▶ The problem
The whole listing that follows is to be restated word for word, images excluded.

***** Supplied material *****

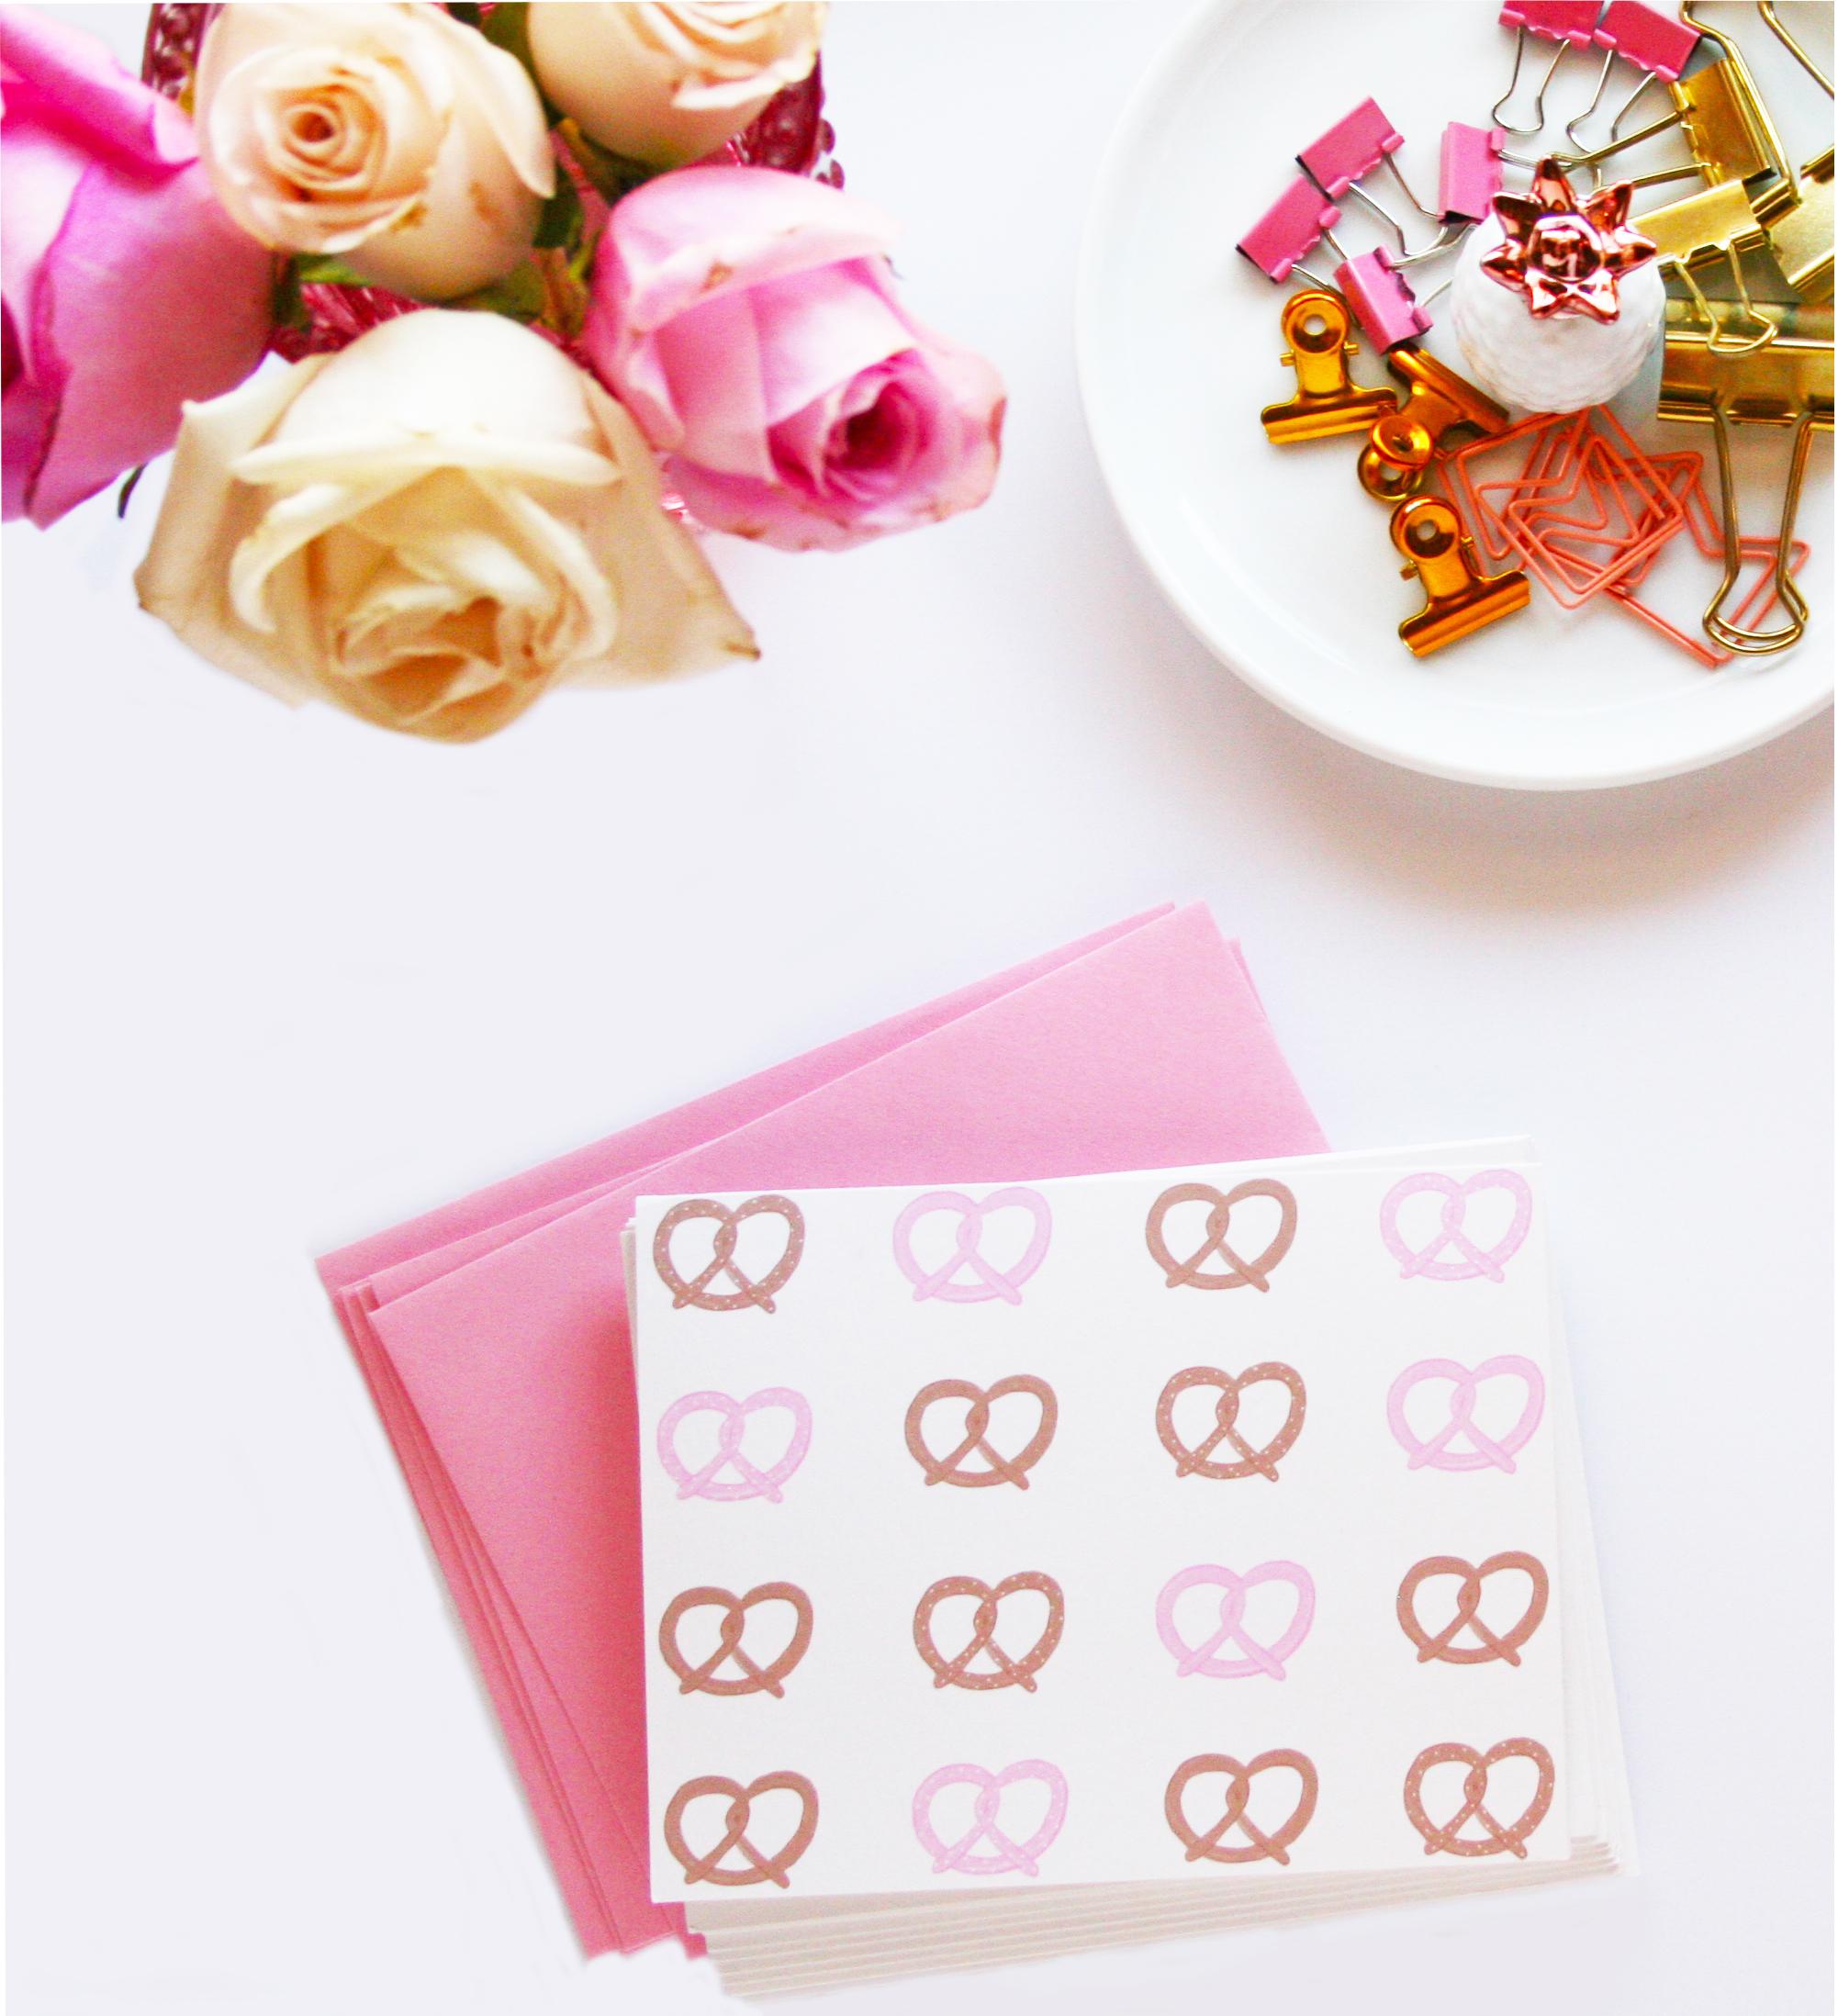 Pink Pretzel Pattern Stationery Set
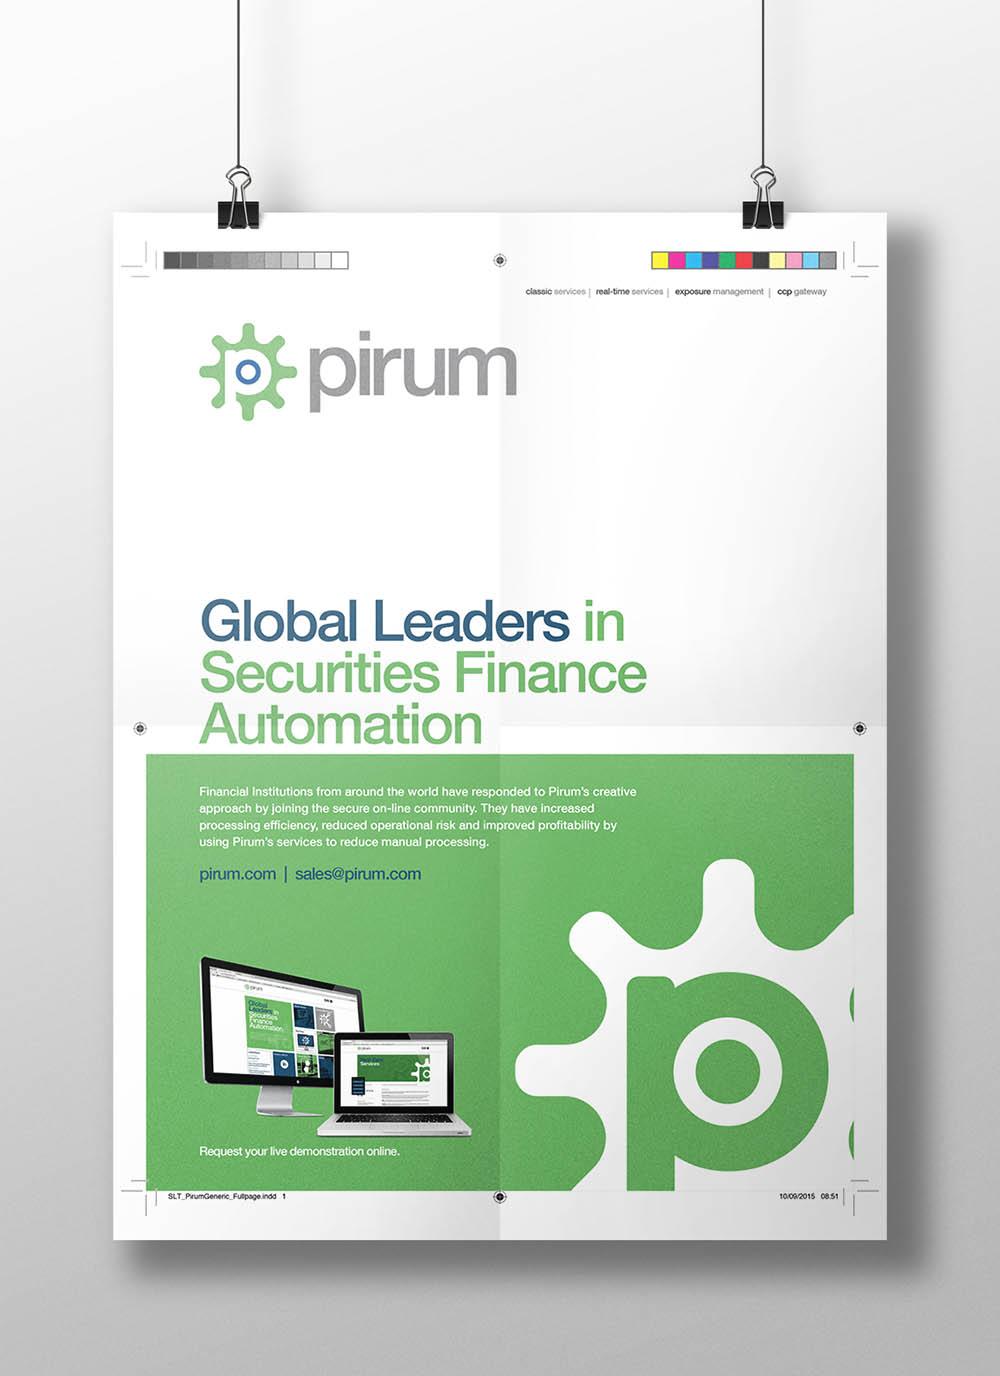 pirum_poster, brand creation, Pirum, Form Advertising, poster
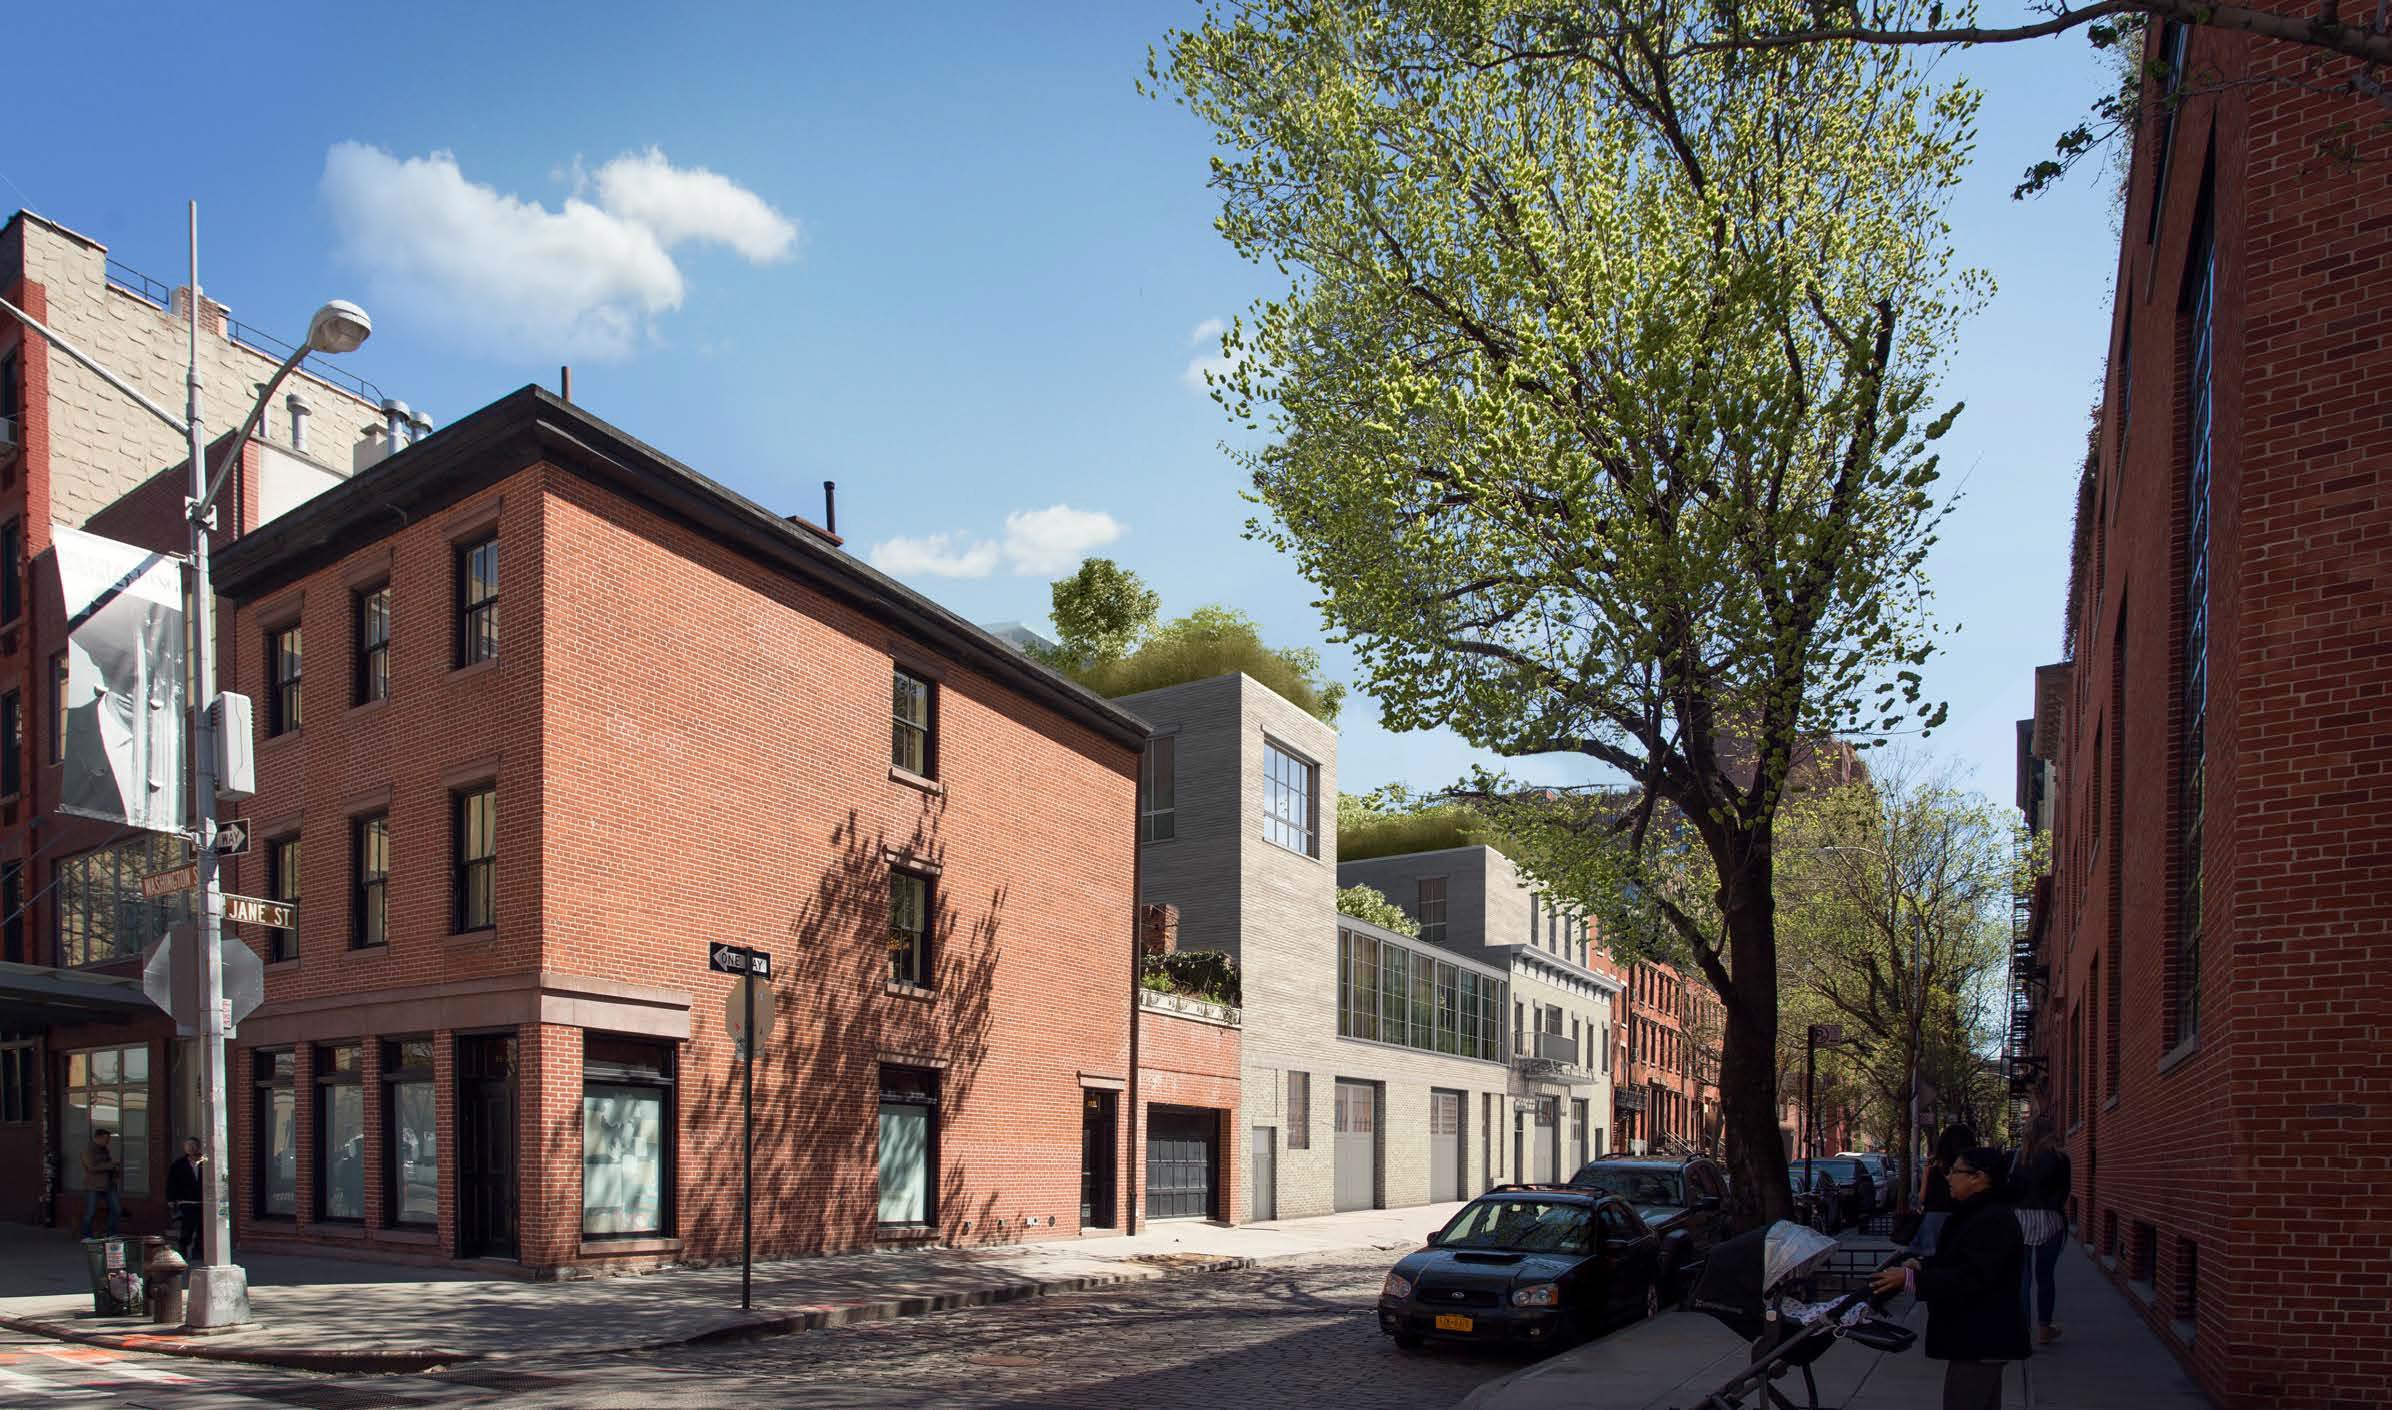 Revised proposal for 85-89 Jane Street

*****

▶ Answer to this task
 Pink Pretzel Pattern Stationery Set
 pirum_poster, brand creation, Pirum, Form Advertising, poster
 Revised proposal for 85-89 Jane Street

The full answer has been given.